A quel punto fece una cosa che lasciò Kunibert esterrefatto: parlò.
Una cavità rotonda simile a una bocca si aprì sulla sua faccia, appena sotto gli occhi puntiformi, e da essa uscì un suono gutturale poco chiaro.
-”Ti... Ti...”- sembrava dire. -”Ku... Ti...”-.

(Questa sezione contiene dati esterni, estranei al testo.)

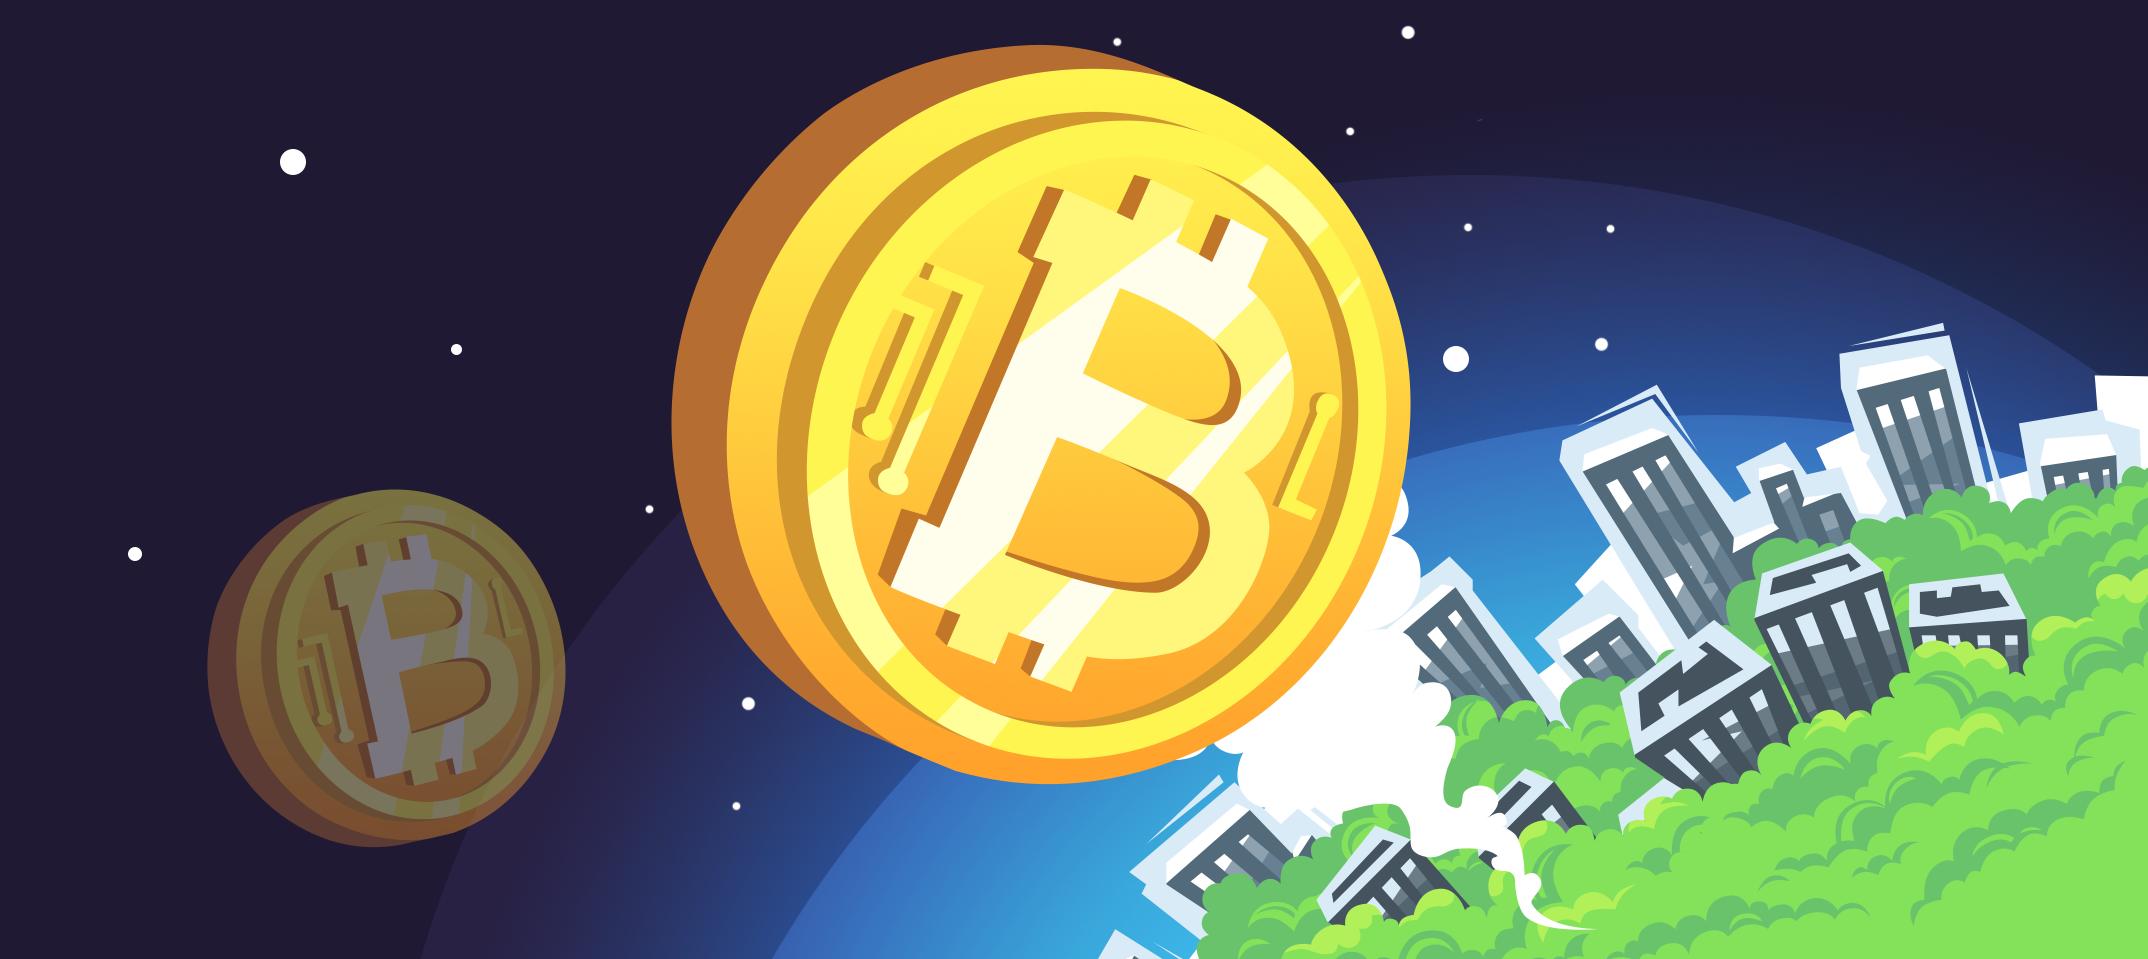 Bitcoin Black On Binance - Bitcoin

Subito dopo aver pronunciato quei monosillabi, il mostro nero come la pece perse la struttura solida e si liquefò, diventando una pozzanghera nera e sparendo nel sottosuolo. Kunibert, gli occhi di ghiaccio spalancati, non riuscì ad aprire bocca. Guardò prima la finestra del suo appartamento, poi il punto nel quale il nemico era scomparso. Non l'aveva attaccato, aveva cercato di... rapirlo?
Un improvviso rumore tintinnante riportò Kunibert alla realtà e lo fece sobbalzare. Si voltò di scatto e si trovò davanti una ragazza dai liscissimi capelli corvini legati in una coda alta, una miriade di braccialetti di metallo ai polsi e uno strano mazzo di carte in mano. I loro sguardi si incrociarono e la ragazza alzò un sopracciglio, sorridendo altezzosamente.
-”Le carte lo avevano predetto”- esordì. -”Un giorno avrei incontrato un giovane dai capelli argentati perseguitato da sentimenti, emozioni e fantasmi, un ragazzo che avrebbe cambiato per sempre la mia vita. Allora, Kunibert della kunzite, lo farai? Cambierai la mia vita?”-.